5 Ways To Exploit The 1916 Anniversary For Your Own Monetary Gain


THERE has been some real concern amongst the Irish business community that people aren’t doing enough to exploit the 100th anniversary of the 1916 Rising for their own monetary gain.

Some critics have attacked brands for not reproducing the proclamation on enough cheap tat made in China, luckily WWN is on hand to help any business or individual who feels they aren’t doing their bit to help celebrate a historic event through the prism of making money:

1) Start a tour

A huge influx of tourists is expected this year and there is no better way to earn a few euros off the back of the executed leaders than by setting up your own 1916 tour. Don’t worry about doing research, these foreigners haven’t a clue. The Spire? A decommissioned nuclear weapon almost used by those filthy Brits. Worried that Irish people may attend your tour and discover the scam? Not a bother, they haven’t a clue about what happened during the Rising either.

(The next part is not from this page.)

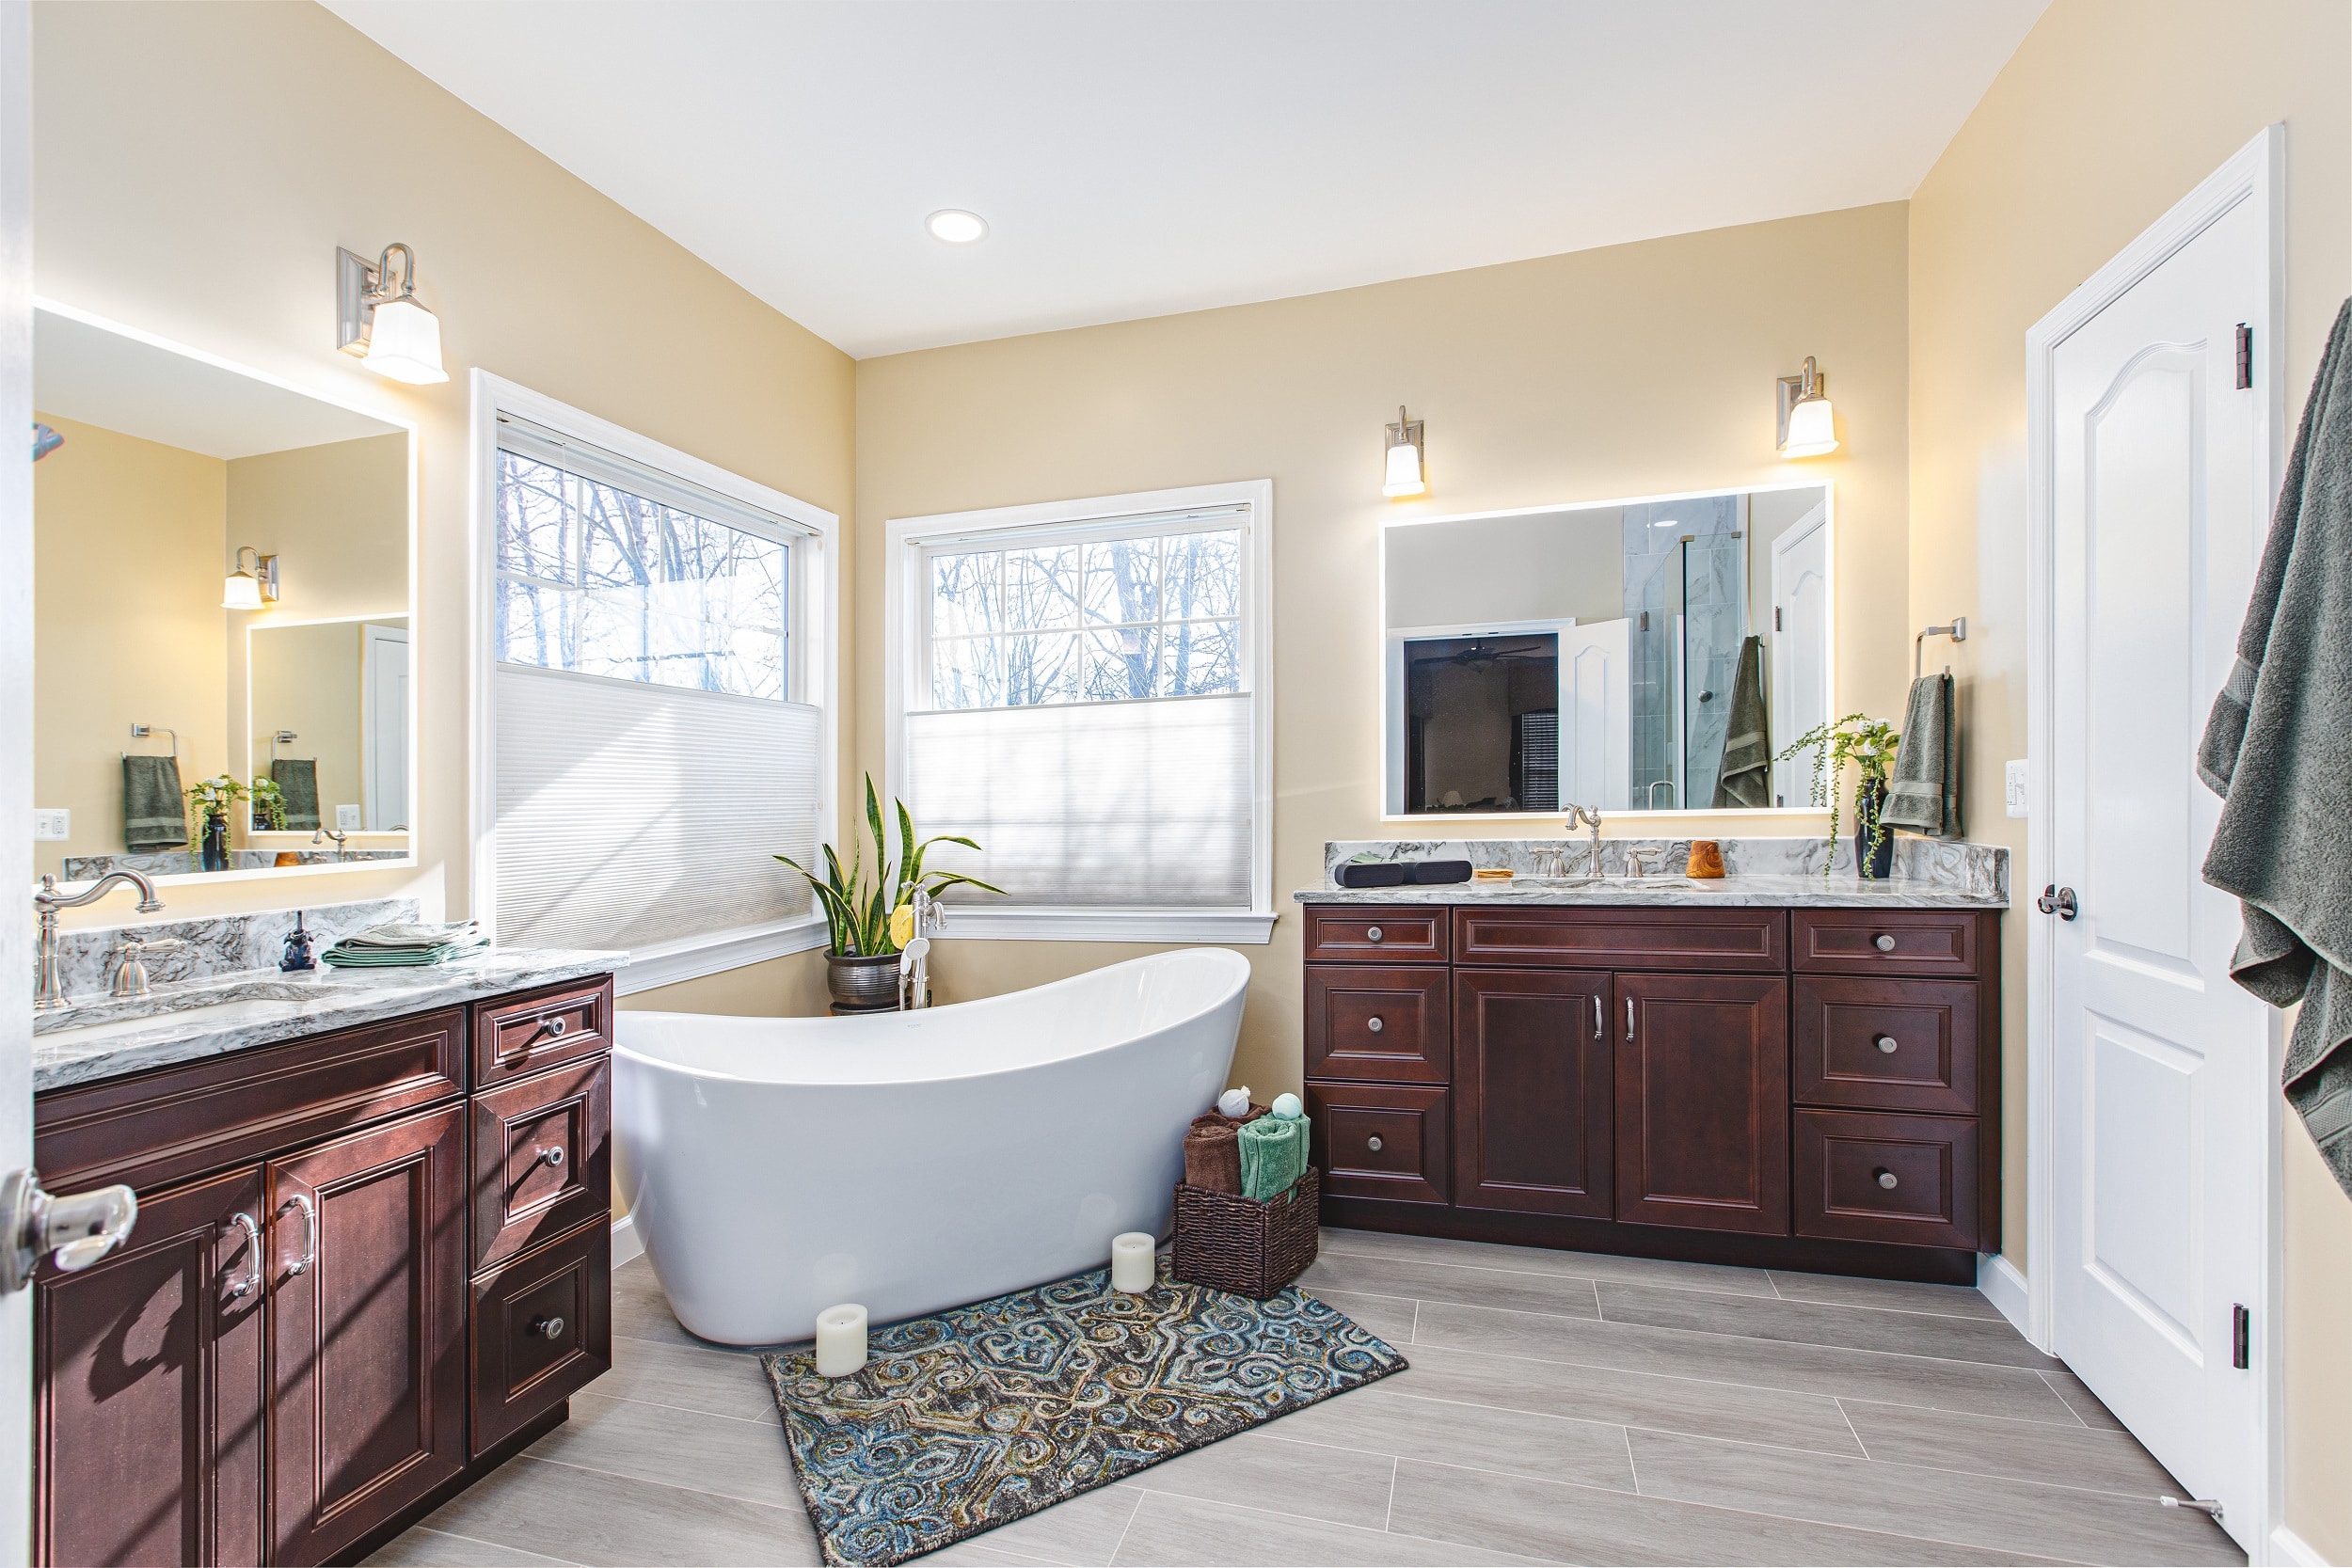 Bathroom Remodeling Process Your, Can You Remodel A Bathroom For 2000

Recommended price: €60 per ticket. €30 per photo of the GPO.

2) Has a relative of yours recently died?

If so, then you’re in real luck. Hold on to that body and casket and bury them in your back garden. Erect a sign outside your house stating that your back garden is the final resting place of Tómás O’Something who was definitely in the GPO during the Rising and watch the euros flow in.

Recommended price: €10 for closed casket, €25 if you want to go with an open casket.

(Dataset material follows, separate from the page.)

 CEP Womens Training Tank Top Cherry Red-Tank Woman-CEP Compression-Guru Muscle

3) Make that proclamation work for you.

Where better to put the ideals and hopes the Rising leaders had for an Irish Republic than on a big of bog roll. Lovingly reproduce the proclamation on some toilet roll, giving people the ideal chance to catch up on some history as they plonk themselves on the toilet seat. Wiping will of course only bring them closer to our fallen heroes.

Recommended price: €8 per bog roll.

4) Work 1916 into your company’s strengths.

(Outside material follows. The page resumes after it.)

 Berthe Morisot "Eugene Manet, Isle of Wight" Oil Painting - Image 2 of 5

Run a tattoo parlour? 1916 forehead tattoos for everyone! Are you a dentist? Dental braces in the shape of Padriag Pearse for everyone! Get those thinking caps on and charge whatever you like. There’s no monetary cap on patriotism.

5) Commemorative everything!

Running out of ideas? Look around you, everything is a potential 1916 money making scheme. 1916 socks! 1916 iPhone covers, 1916 omelettes, 1916 condoms. A 1916 themed sex shop – jackpot. Connolly nipple clamps. Lovick Friend cock ring. ‘The Plunkett Pulveriser’ dildo. The sky is the limit.